User ImageUser Image
The Dapper Duo





Tyrone Tyson
&
Frankie Jack Washington


Market Ward...


Fire? Make things fly? Create things? Both Tyrone and Frankie were intrigued that a little girl, especially one named Twiggy, can do all that. To them, magic was some fabled thing told in whimsical stories or shown on TV like in Disney movies. It felt real when experiencing it through some form of medium, and no matter how much they wished as kids to discover they were secret magicians or had Dragon Ball Z powers, it was fake. An abstract thing created by their imagination.

But as they walked underneath the floating hill, the idea of magic became more real to them. Even though they have been in Sigil for a couple of weeks now, their skepticism clung to them as some desperate self-denying measure. Because if they really think about, all they understood and knew before Sigil was a lie.

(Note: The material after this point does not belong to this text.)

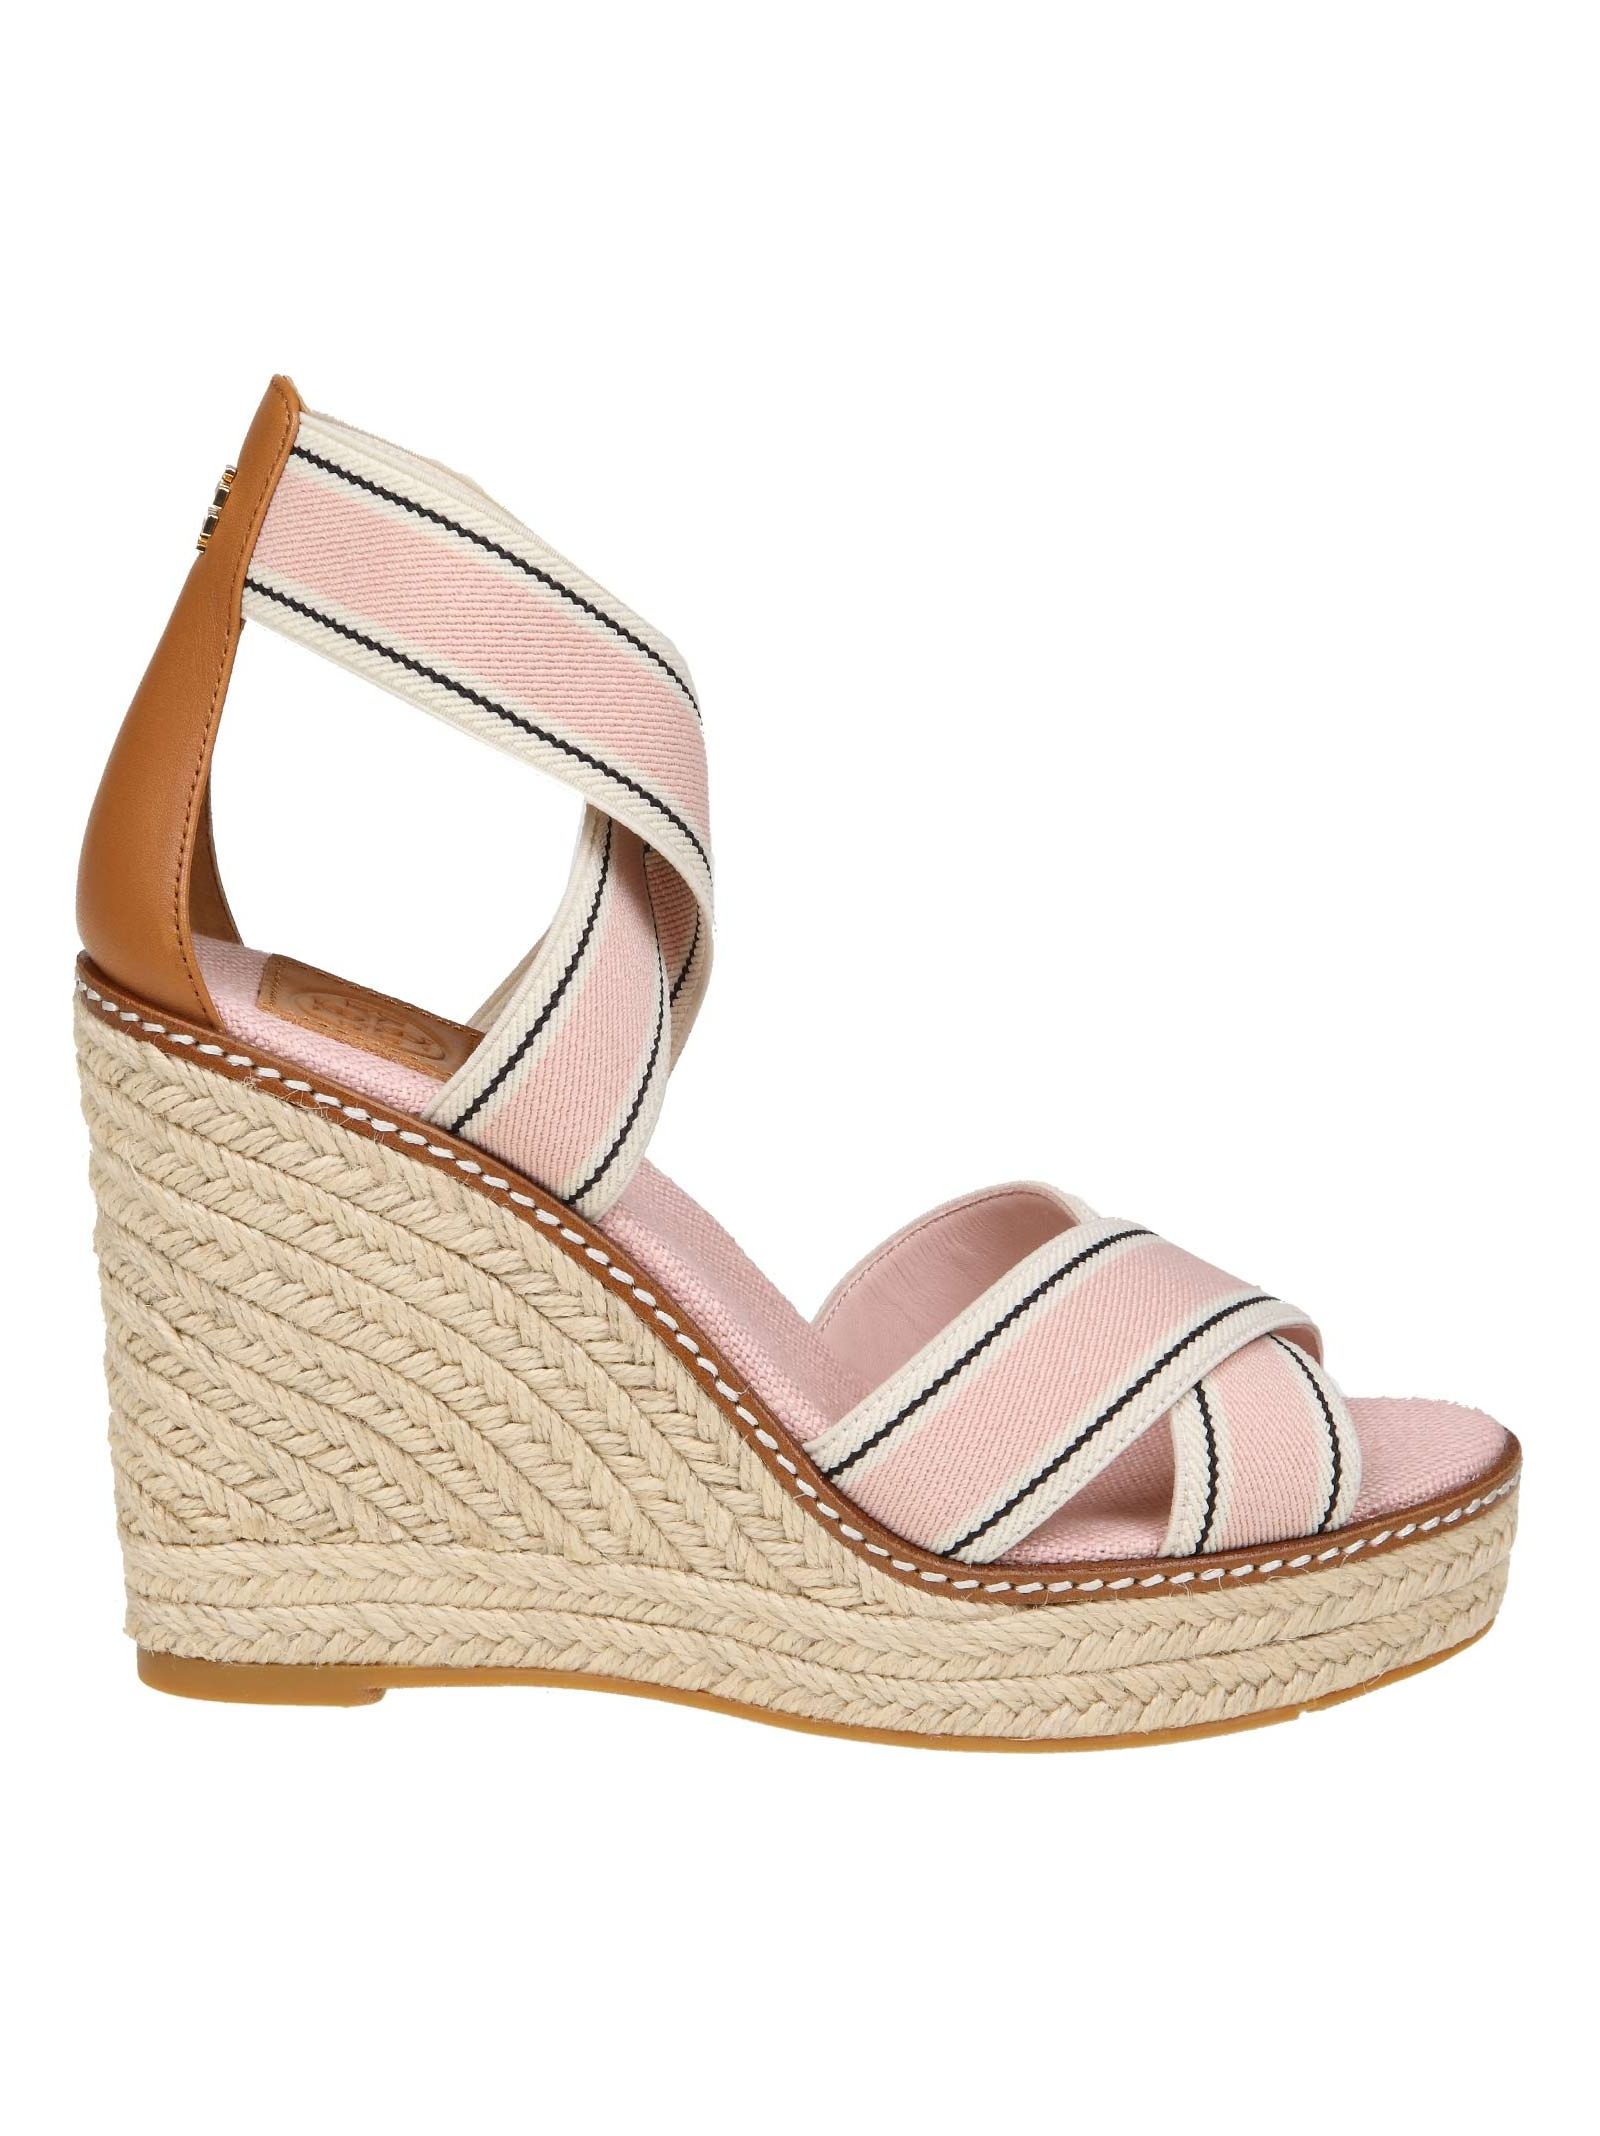 TORY BURCH FRIED SANDAL IN PINK STRETCH FABRIC,10887031

“T-that's incredible,” Frankie blurted.

“Yeah, kid, it is,” Tyrone said. When Frankie wasn't paying attention, Tyrone looked sharply at Twiggy and made eye contact. He was trying his best to read the child's motive, if she had one. And hell, who knew if she was a child in the first place. For Tyrone, the child and her measly bean-can holding pillowcase rubbed him wrong, because she reminded him of when he was a child crying in the streets for attention. And then those people who stopped to help, he would rub them blind...

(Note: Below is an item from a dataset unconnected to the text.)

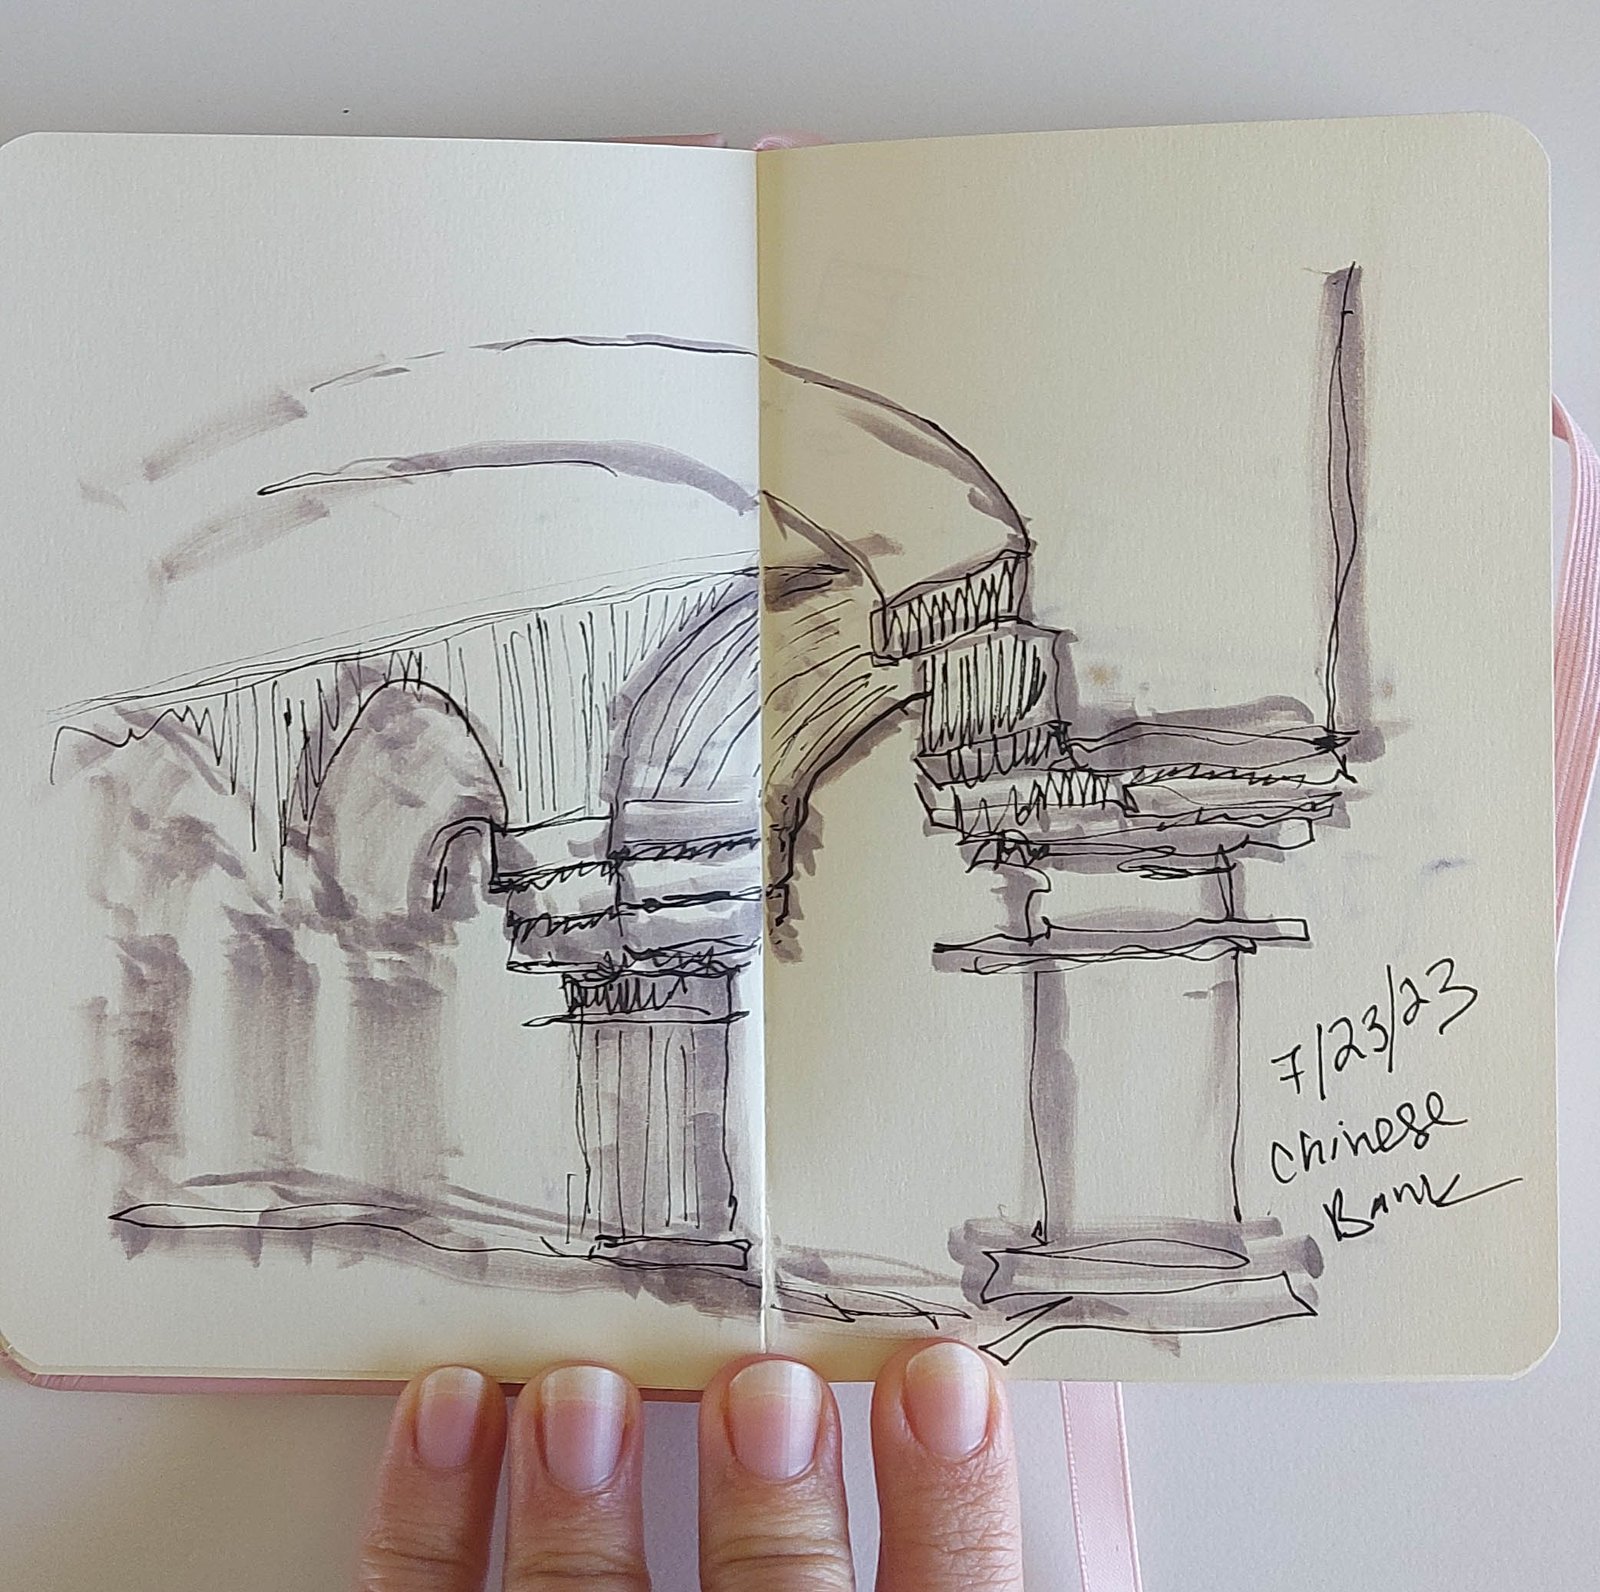 Sketching arches outside, training perspective

He looked away before Frankie's attention returned. “To a couple of regular dudes like us, that's stinkin' amazing. I wish I can make fire, it'll save me on lighter fluid for my Zippo.”

They passed a wall of stone that had fell and looked weathered from the passage of time. Underneath them was an uneven road of bricks plagued by thick weeds growing between the cracks. When they rounded a corner where a huge, gnarled tree stood, they found a fork in the road. One path clearly led to the bustling bazaar that both men grew to love. The other path was dark and sinister looking and flowed underneath thick ungrounded roots that formed a sort of arched hallway. Large enough to fit a small party that walked shoulder to shoulder. High enough for Twiggy to stay on Frankie's shoulders.

Dark enough to be scary.

Frankie started toward the bustling bazaar.

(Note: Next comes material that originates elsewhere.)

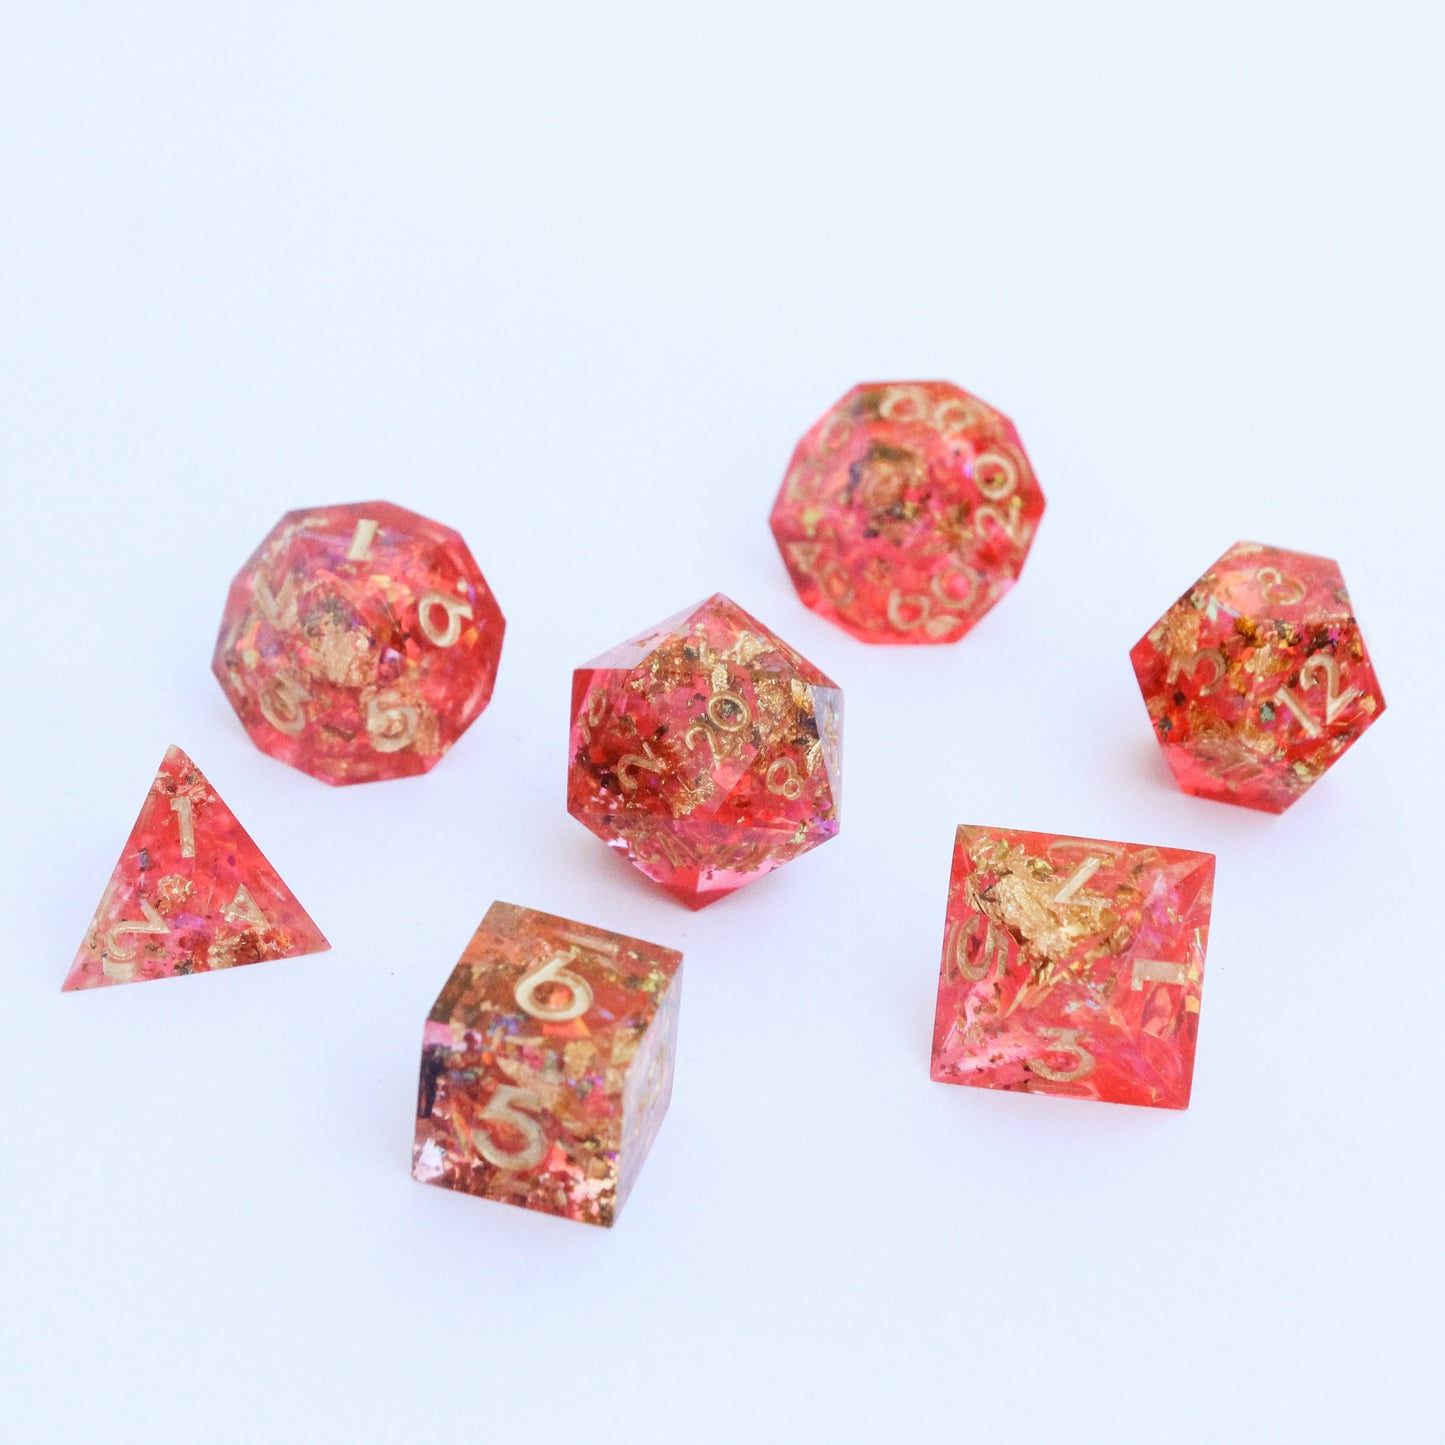 Sight of Savras in Pink - 7-piece Polyhedral Dice Set

“Hold up, where you're goin'?”
Tyrone asked, standing his ground.

Frankie stopped and stared at him questionably. “To the market where there's people and pockets to pick and light.”

“Frankie, Frankie, Frankie,” Tyrone said. “Don't tell me you're going to wuss out because the woods got dark. You don't know what's in there. Could be... what? Fairies and pixies and a friendly, talking reindeer with a big red nose?”

“You're ********' with me right?”

“Look, I'm going to scout the market, get some info on this part of the neighborhood. Why don't you and the kiddo hang ten. Keep an eye on her, y'know, she doesn't look all that great. Just be ready to get going like grease lightning.”

Tyrone gave them a two-finger salute and his infamous slick smile. His eyes were fixed mostly on Twiggy, glinting with distrust. Before he left, he reached out and snatched at her pillowcase. He might have ripped it out of her hands, but if she was as tired as she looked, it would have been easy. That and he was pretty fast with his hands.

“The hell, Tyrone!”

“Gonna need it!” He yelled before walking into the direction of the bazaar. He removed the can of beans from the pillow case and tossed it over his shoulder. Frankie caught it.

Shaking his head disapprovingly, Frankie took Twiggy from his shoulders and set her down on a soft patch of grass. He crouched beside her and sighed while turning the can of beans in his hands. “The guy's as dumb as a sack of rocks but he got a knack for mischief. Dude's gifted when it comes to finding trouble.”

He looked nervously at the archway of roots and darkness. “You wouldn't know anything about that direction, would you, Twiggy?”


Lian Feaorne
((O.O.C: Please forgive me for the auto-grab. I'll change it if you have a problem with it. If not, I owe you one.))

Dangerous Businessman

Contained, but for how long? It wasn't like Jinsoku's condition. Anger was an element of chaos. And it would only be a matter of time before that anger consumed Eric, making him even more dangerous and destructive than he could imagine to be at this very moment. All it took was the proper provocation. Simply put, he was a threat to Sigil. The City of Doors which was currently the only city Jinsoku had successfully protected and would aspire to continue doing so.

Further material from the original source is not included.